> About this task:
Would you copy exactly the lines in the data below from the one that has "Small waves channel" through the one that has "Wright® Brand Naturally", dropping any pictures?

> Input data:
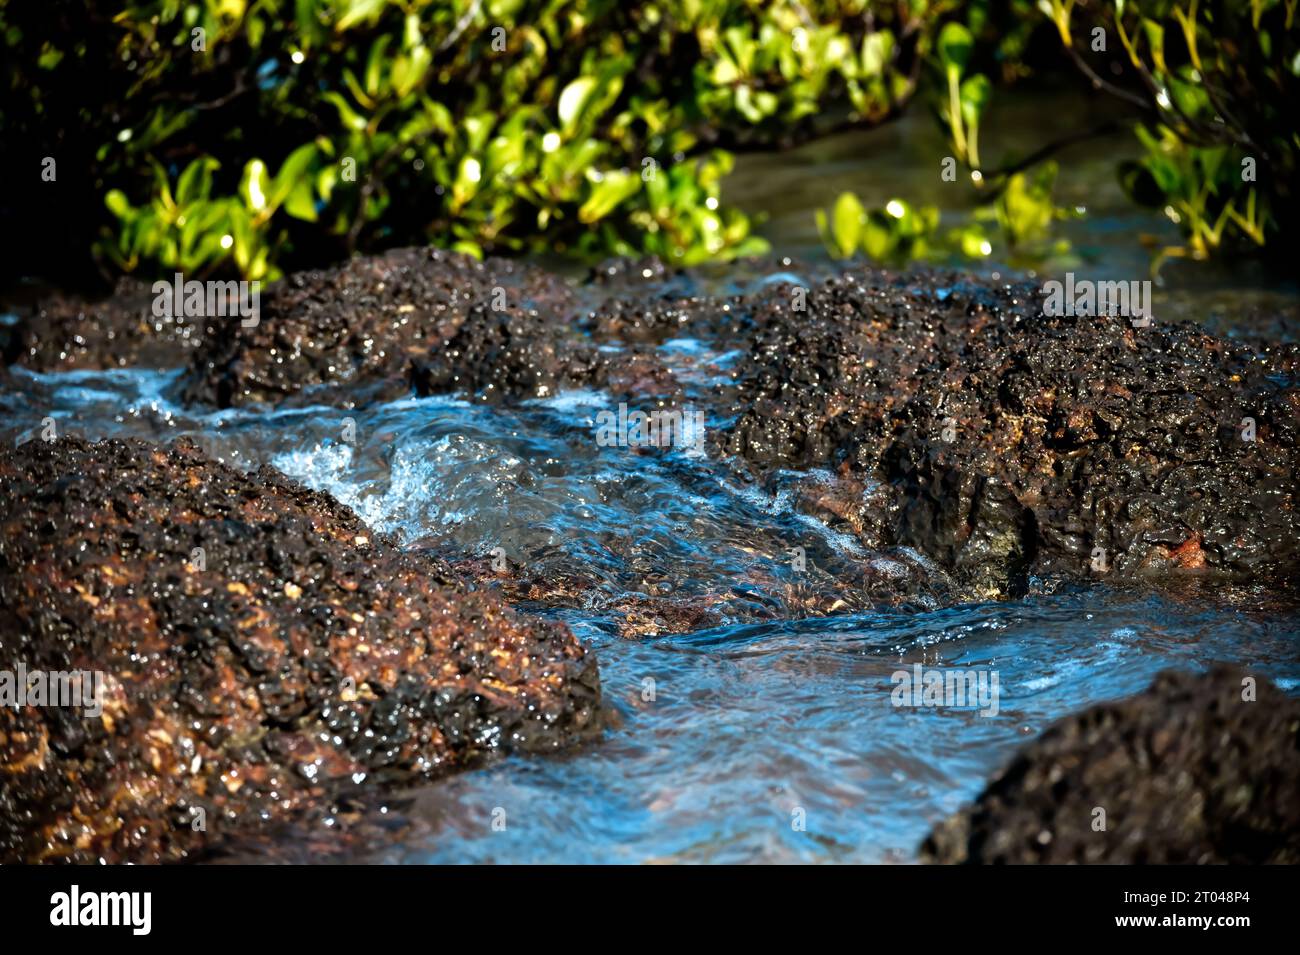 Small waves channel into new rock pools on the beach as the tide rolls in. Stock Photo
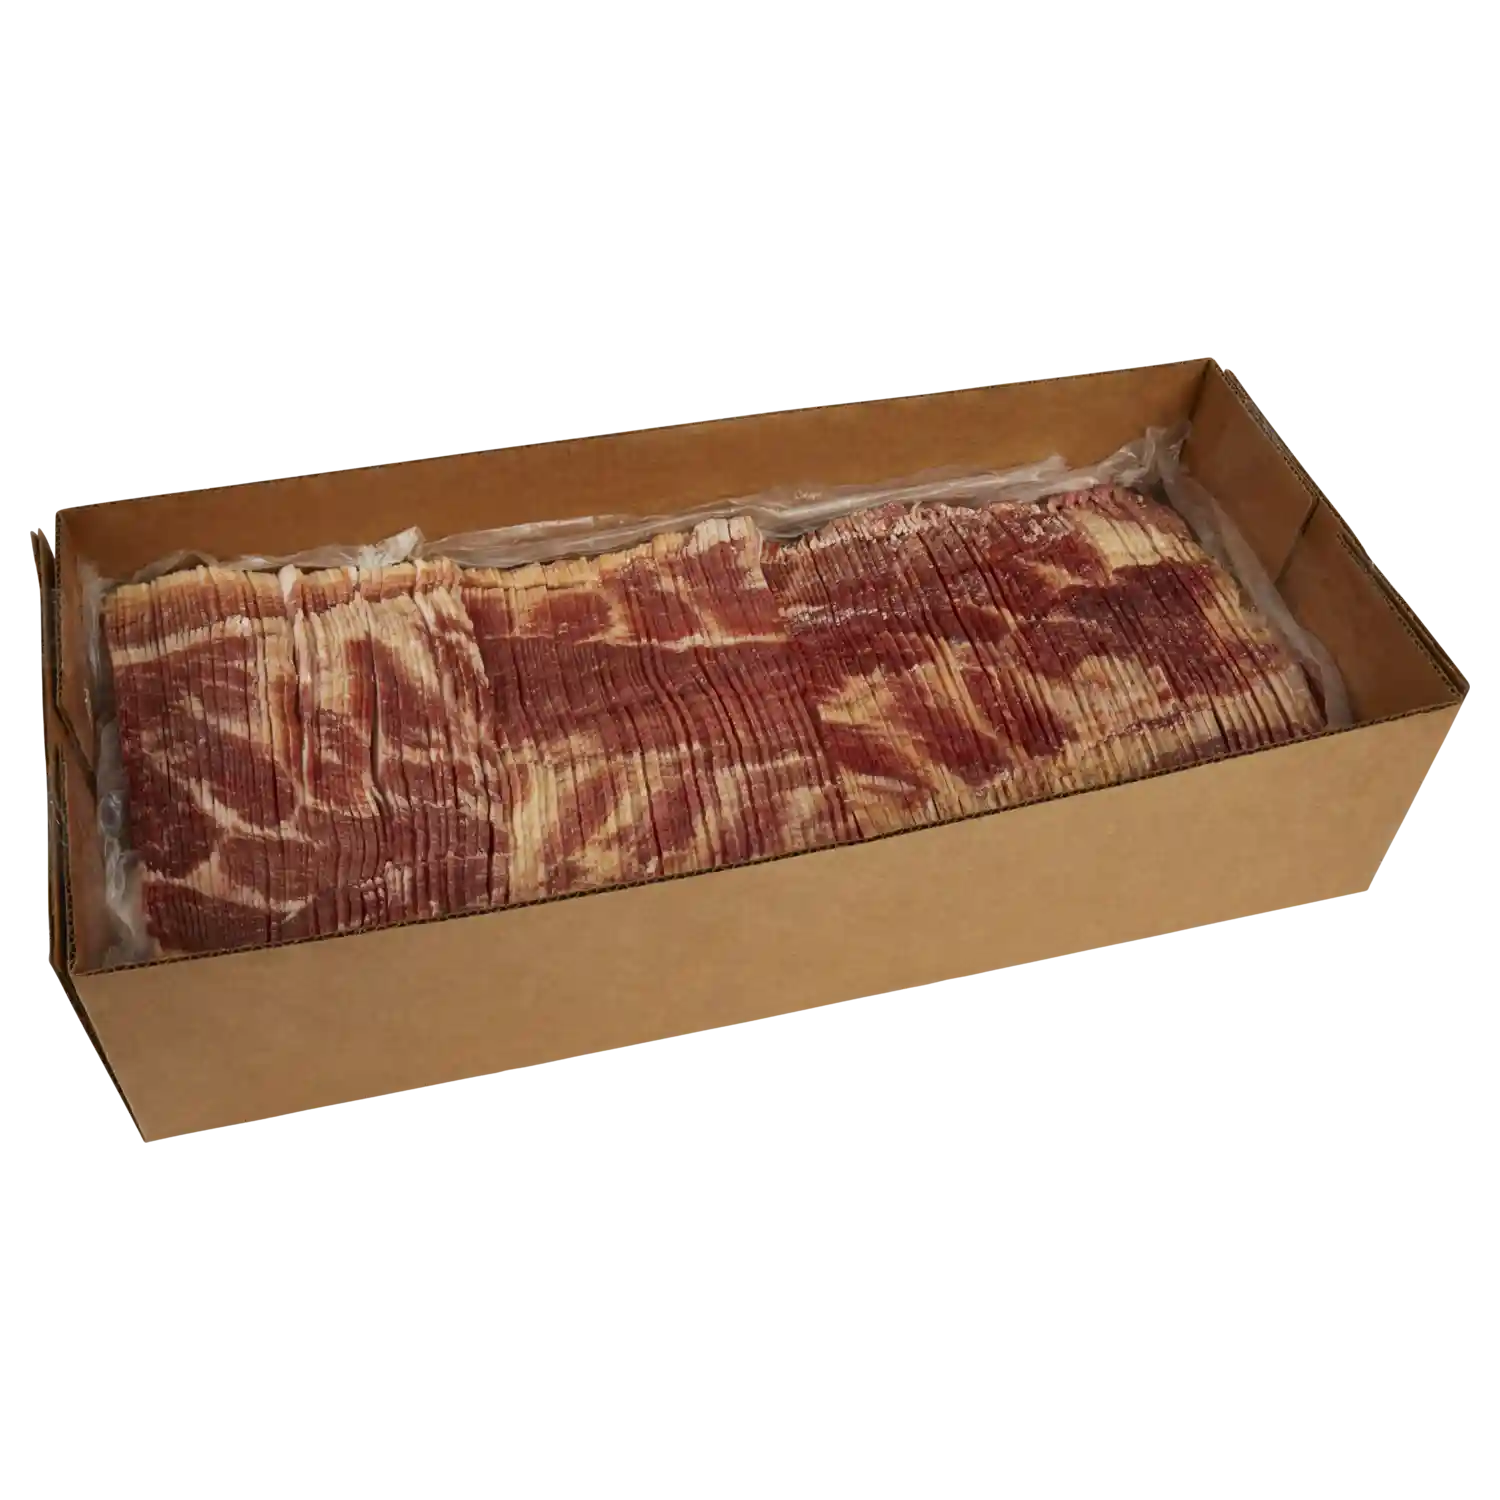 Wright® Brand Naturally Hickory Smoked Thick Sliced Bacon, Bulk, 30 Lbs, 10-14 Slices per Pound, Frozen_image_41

...

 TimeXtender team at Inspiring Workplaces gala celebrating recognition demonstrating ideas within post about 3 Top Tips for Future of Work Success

> Exercise output:
 Small waves channel into new rock pools on the beach as the tide rolls in. Stock Photo
 Wright® Brand Naturally Hickory Smoked Thick Sliced Bacon, Bulk, 30 Lbs, 10-14 Slices per Pound, Frozen_image_41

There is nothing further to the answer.